An AI assistant can give you instant answers to your data questions, but can you trust them?
There is a big difference between being fast and being reliable. I can give you the answer for 4566 * 145966
in 1 second. It’s fast, but it’s certainly not correct, just like how the SQL query generated by the AI assistant in the Fabric demo was not correct (despite being generated quickly).
This is not a rare case. In this article, an analyst tries to use ChatGPT to generate SQL in a showdown between humans and machines. ChatGPT was right about 50% of the time. This is fine when used by analysts who can check the validity of the output, but a total disaster as a self-service analytics tool for non-technical business users.
This is not to say that LLMs have no place in the BI world. We’ve all seen the power of LLMs in the palms of data analysts: quickly generating SQL/Python code for ad-hoc analysis, brainstorming ideas during research, or eloquently summarizing complex analyses.
But before you’re convinced that LLMs can be easily integrated into your current BI tool to make your self-service dream come true*,* let’s take the whole thing with a healthy dose of skepticism. Let's seek proof, not from glossy brochures and snazzy demos, but from first-principled reasoning and understanding the very components that LLMs are made of.
This series is divided into 2 parts.
In part one (this post), we’ll try to convince you that: Yes, LLM will change the landscape of self-service analytics, but it will not be done quickly, nor the technology by itself is enough to power next-generation self-service analytics tools. We’ll also show why data semantic layer is a crucial component in building an LLM-powered self-service analytics system.

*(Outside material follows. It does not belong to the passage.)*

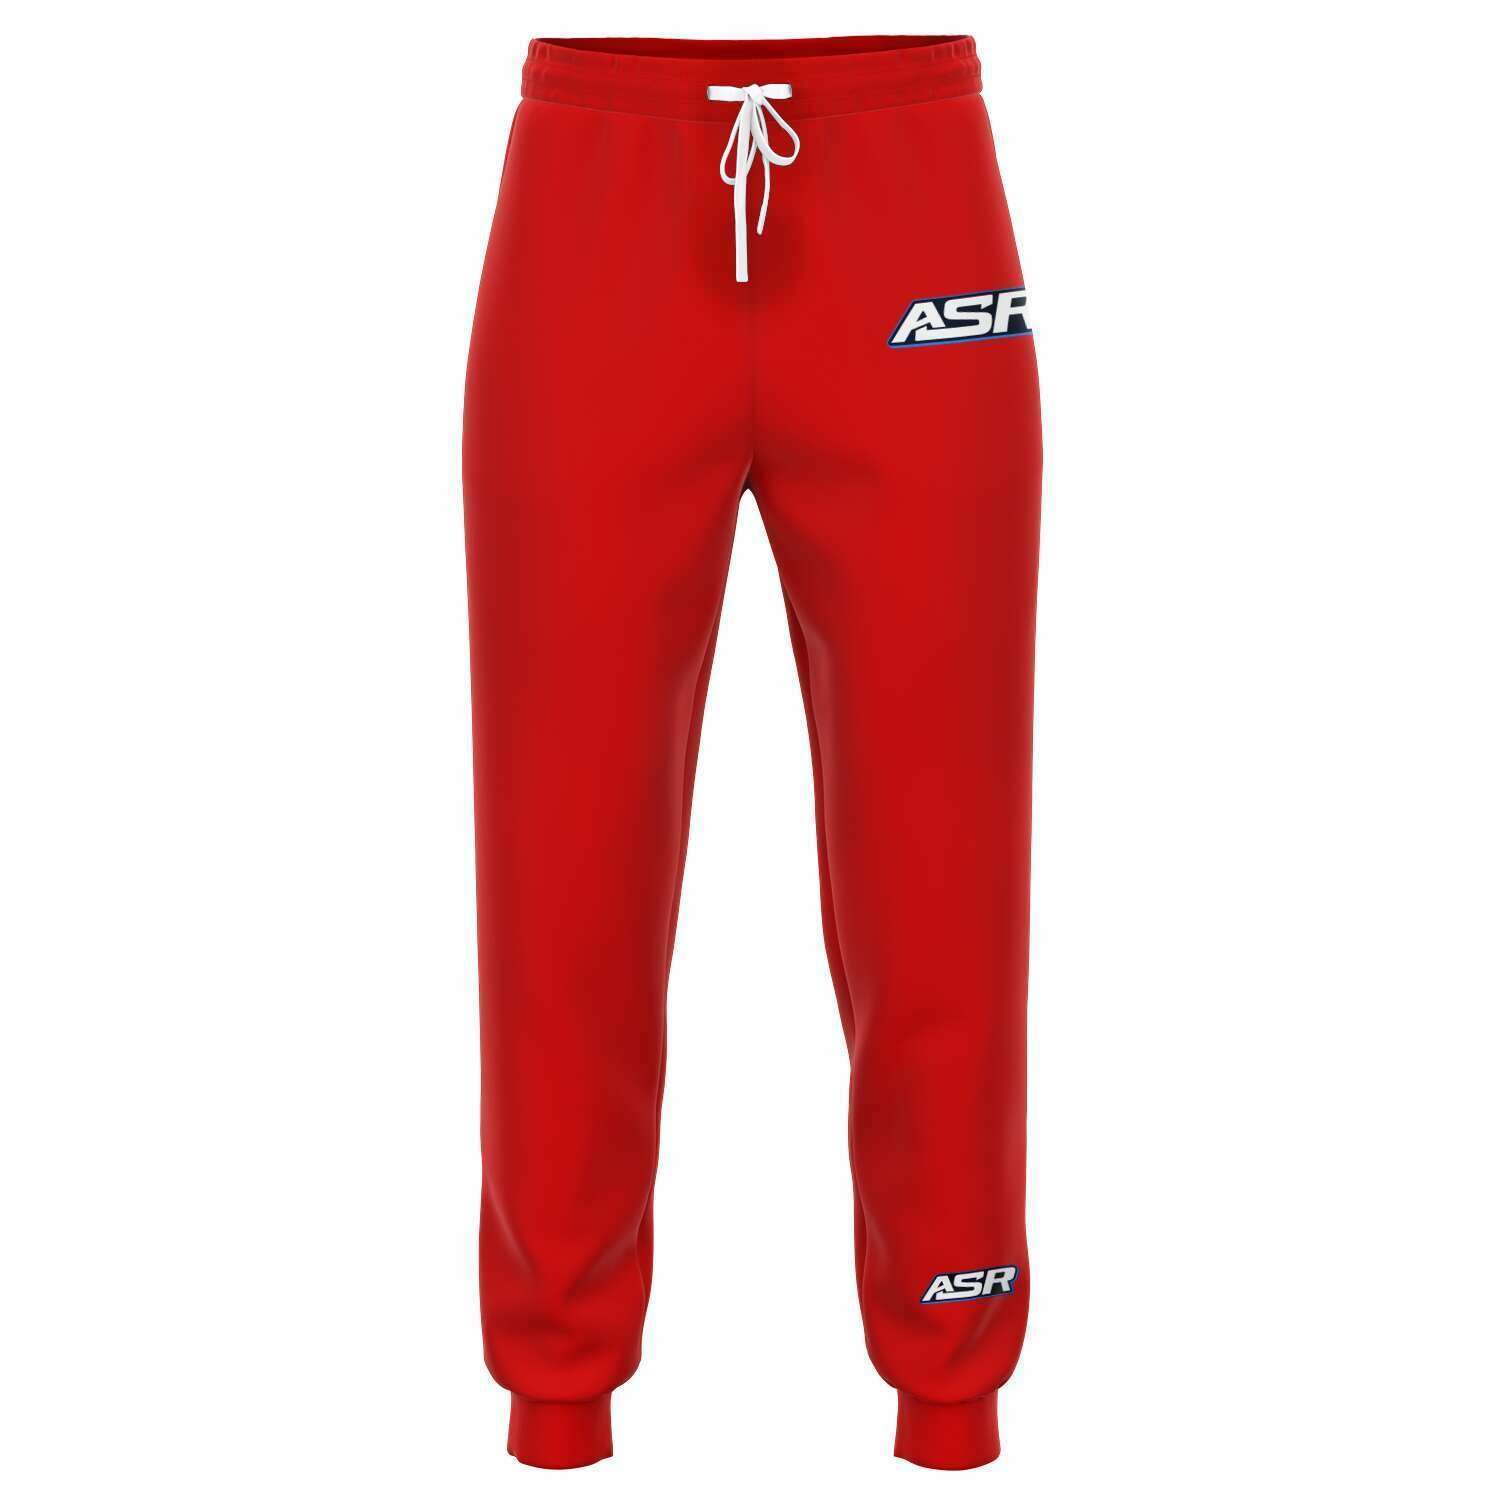 ASR Red Track Pants

In part 2 (subsequent post), we’ll show why we think the current design of data semantic layer is not enough for such a task, and what are the missing ingredients for that to happen.
Now let’s start.
A Conversation with AI
Imagine a perfect world where business users and analysts live in peace, free from report-sprawling, dashboard flooding, and request queue frustration - where LLM becomes an integral cog in any Business Intelligence machine. Forget about all of the how-to technicalities. Forget about all of LLM’s current limitations. Imagine a conversation between a business and AI. What would it be like?
In this article, the author painted a vivid picture of how the talk would go:
"👶 User: How can I double our company’s revenue?
🤖 AI: To double revenue, consider focusing on the following areas: Conversion Rate, Activation Rate, Retention Rate, Expanding product offerings, Entering new markets, and or changing pricing strategy.
👶 User: Extract the Conversion Rate
🤖 AI: I’m sorry, could you please provide more context? Which conversion rate data are you referring to? Currently, we have already predefined these metrics: Web to Signup Conversion, Signup to Paid Conversion.
👶 User: Show me Web to Signup Conversion Rate
🤖 AI: Our average Web to Signup Conversion Rate last 3 months is currently 5%. By increasing the conversion rate to 12%, you have the potential to double your revenue
👶 User: Provide me with a breakdown of our conversion rate over the past 12 months, organized by city.
🤖 AI: Here is the breakdown of our conversion rate over the past 12 months, organized by city. San Francisco started at 5.0% and reached a peak of 5.8% in December. New York started at 4.8%, peaked at 5.6% in September, and fluctuated between 5.2% and 5.6% until December. Seattle started at 4.2%, peaked at 6.2% in November, and decreased to 5.4% in December. Overall, Seattle had the highest conversion rate with a peak of 6.2% in November. San Francisco showed a gradual increase, while New York had varied trends. This data can help us identify areas where we may need to focus our marketing and sales efforts to improve conversion rates in specific cities
👶 User: Add this chart to my dashboard “My KPI” and set up a daily alert to be sent to me via Slack
🤖 AI: Sure, I have added the chart to your dashboard “My KPI” and set up a daily alert to be sent to you via Slack. You will receive a notification every day with the latest conversion rate data for San Francisco, New York, and Seattle."
If we carefully examine the above, we can see that the AI Assistant has the following capabilities:
- It knows about the "available metrics" and the causal relationship between company revenue and these metrics
- It knows how to generate a database query given the user input, and how to run the metrics query to get the output data.
- It can unravel the visual output in natural language and it can save the chart output to the BI tools' library of dashboards.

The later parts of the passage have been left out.